» Exercise materials
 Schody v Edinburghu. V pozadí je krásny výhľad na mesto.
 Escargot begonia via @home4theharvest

...

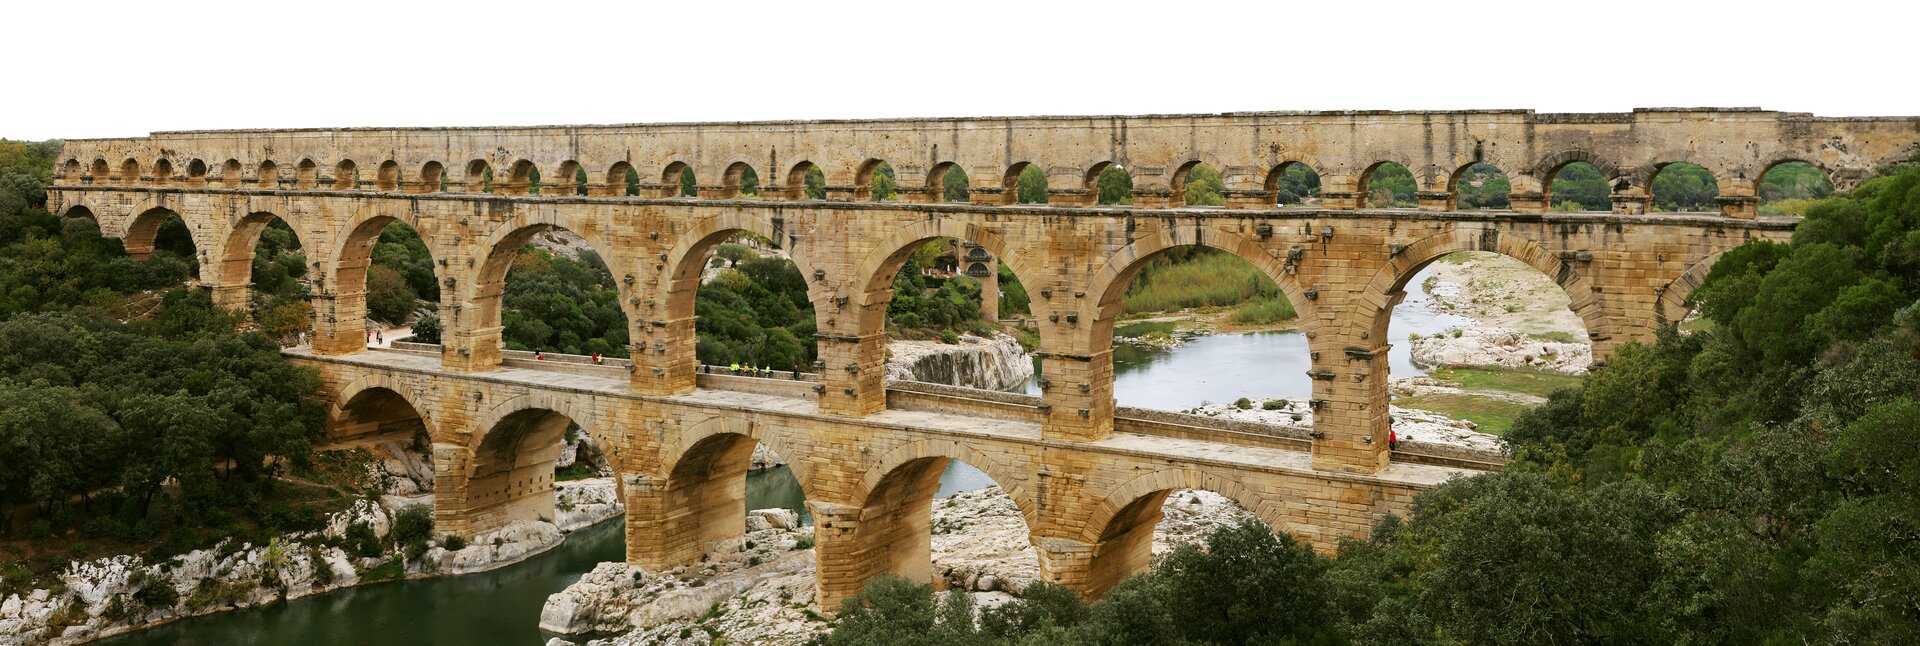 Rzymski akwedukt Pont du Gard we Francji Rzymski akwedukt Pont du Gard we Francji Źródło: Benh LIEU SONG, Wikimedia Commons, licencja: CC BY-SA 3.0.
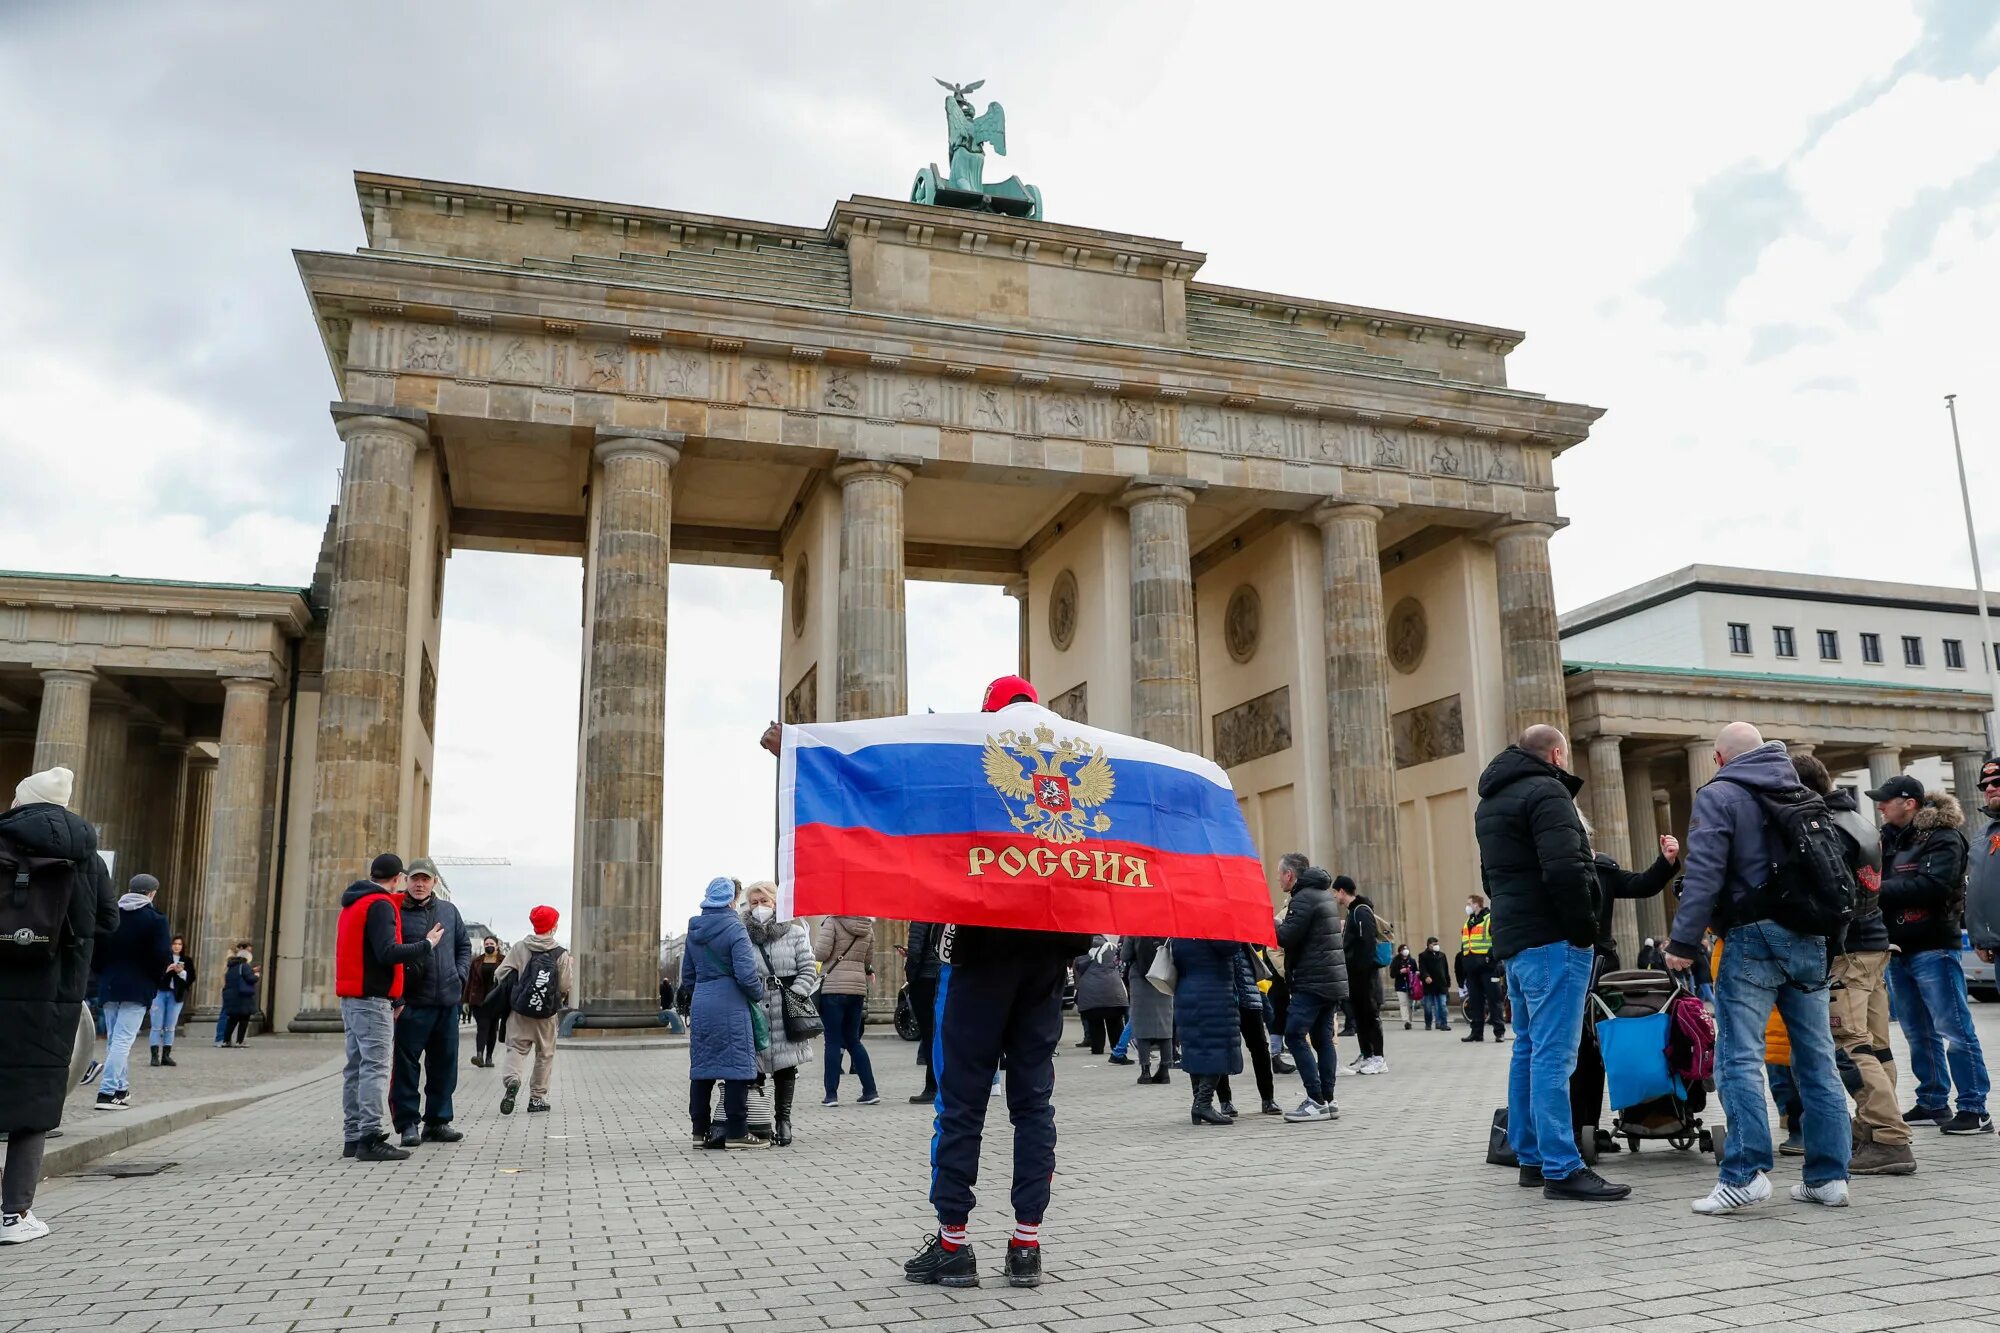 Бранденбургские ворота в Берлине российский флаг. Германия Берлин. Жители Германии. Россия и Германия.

» Assigned task
Using the entries above, return exactly the lines from the line with "Schody v Edinburghu." to the line with "Escargot begonia via @home4theharvest", counting both of those lines.

» Final answer
 Schody v Edinburghu. V pozadí je krásny výhľad na mesto.
 Escargot begonia via @home4theharvest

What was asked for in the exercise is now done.